We are all right proud of ya....


----------



## John V. (May 19, 2011)

Well done Jeff. Congratulations!


----------



## markland (May 19, 2011)

Congrats Jeff and so deserving to such a fine feller!  Betcha can't wait to do it all over again!!


----------



## Bowana (May 19, 2011)

Good job Jeff!


----------



## ChrisSpikes (May 19, 2011)

Good deal!  Field quartering is the only way to go.


----------



## gurn (May 19, 2011)

Congratulations Jeff! Man ya hit that one good! 
Great story to.


----------



## Longstreet1 (May 19, 2011)

If I where a hog I would get the heck out of GA with all these killers.


----------



## baldfish (May 19, 2011)

WEll I have never been happy to miss a pig till now. Jeff getting his first hog makes it more than worth it. The sow he shot had two shoats with and a boar just a bit smaller than her. I was on these hogs when we split up the second time. I had them a between thirty ansd forty yards for over twenty minutes.  I pulled back for a shot three or four times before I finally got a broad side shot at one of the shoats. The arrow deflected of a limbin flight and just barley touched that shoat on the rear. It squealed and ran about ten yards and layed down. The boar ran towards the shoats when that happened before I could another arrow nocked the whole group took off and ran up the creek. I worked my way back to where jeff was. We then covered ground to get back in front of them. When we split up this time jeff was in the privet thicket and I went to work a thick hilltop figureing they would go to one or the other.When I got to the hill top and saw no fresh movement I worked back towards the thicket jeff was in and waited it wasnt long before I heard the pig get hit. When I got to jeff he was shaking like a leaf on a windy fall day. From there you see the rest of the story. For all the times Jeff has helped me. It was a great pleasure helping get his pig out of the woods. Congrats buddy you earned that one


----------



## Muddyfoots (May 19, 2011)

Good shootin Jeffro..


----------



## Nicodemus (May 19, 2011)

Congratulations on a fine hog, Jeff, That one will eat good.


----------



## robert carter (May 19, 2011)

Outstanding!!!!RC


----------



## SOS (May 19, 2011)

We're having roasted pork tonight, so stick around!  Look at Oconee - what'cha cooking?  Beauty of a shot.


----------



## JFortson (May 19, 2011)

Good shootin with that new bow.

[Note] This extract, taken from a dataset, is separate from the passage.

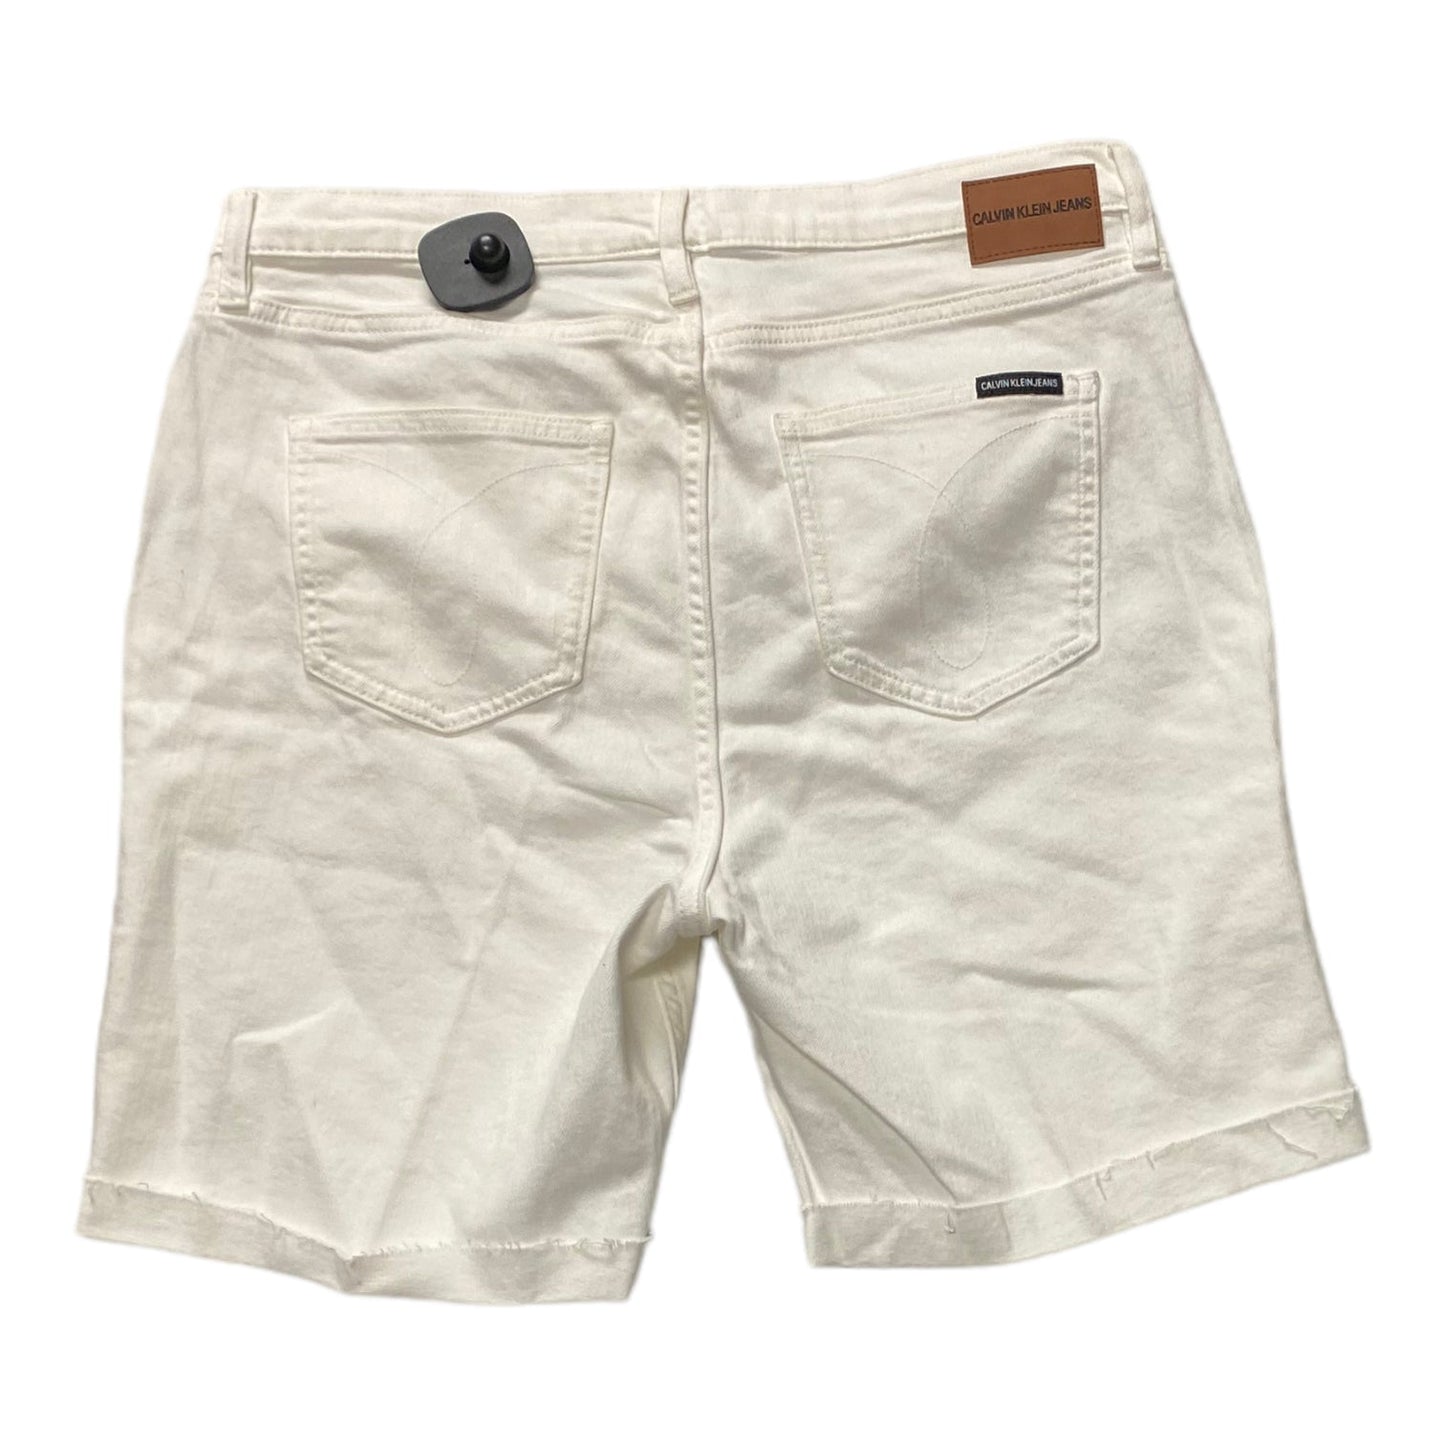 White Shorts Calvin Klein, Size 12

Congrats!!!


----------



## Tailfeather (May 19, 2011)

Very cool!! Congrats, Jeff.


----------



## johnweaver (May 20, 2011)

Well done friend!


----------



## BkBigkid (May 20, 2011)

Congrgats Jeff. 
You've done real good. Great story! 
And to think you have only had that particular bow for a few weeks at best.


----------



## Jake Allen (May 20, 2011)

Thanks again all. I am humbled.


----------



## John Cooper (May 20, 2011)

Good shooting Jake!!!!!!!!!!!


----------



## longbowdave1 (May 20, 2011)

Great job Jeff! You made an excellent shot!


----------



## rapid fire (May 20, 2011)

Huge Congrats to you Jeff.  That is mighty fine of you Charlie for helping us old pretend hunters get these pigs.


----------



## snook24 (May 21, 2011)

Nice hog congrats!


----------



## gtfisherman (May 23, 2011)

best eatin there is right there. Tenderloins off a sow that size... mmmmmmmmmmmm.......

Congrats!!!


----------



## emusmacker (May 23, 2011)

Man, that' s a nice pig, good shooting, and ReALLY GOOD LOOKING BOW too.


----------



## coaster500 (Jun 6, 2011)

Very Nice Jake!!!!!

Congrats Sir


----------



## danmc (Aug 5, 2011)

Sounds like a great day.  Congrats on the pig Jeff!


----------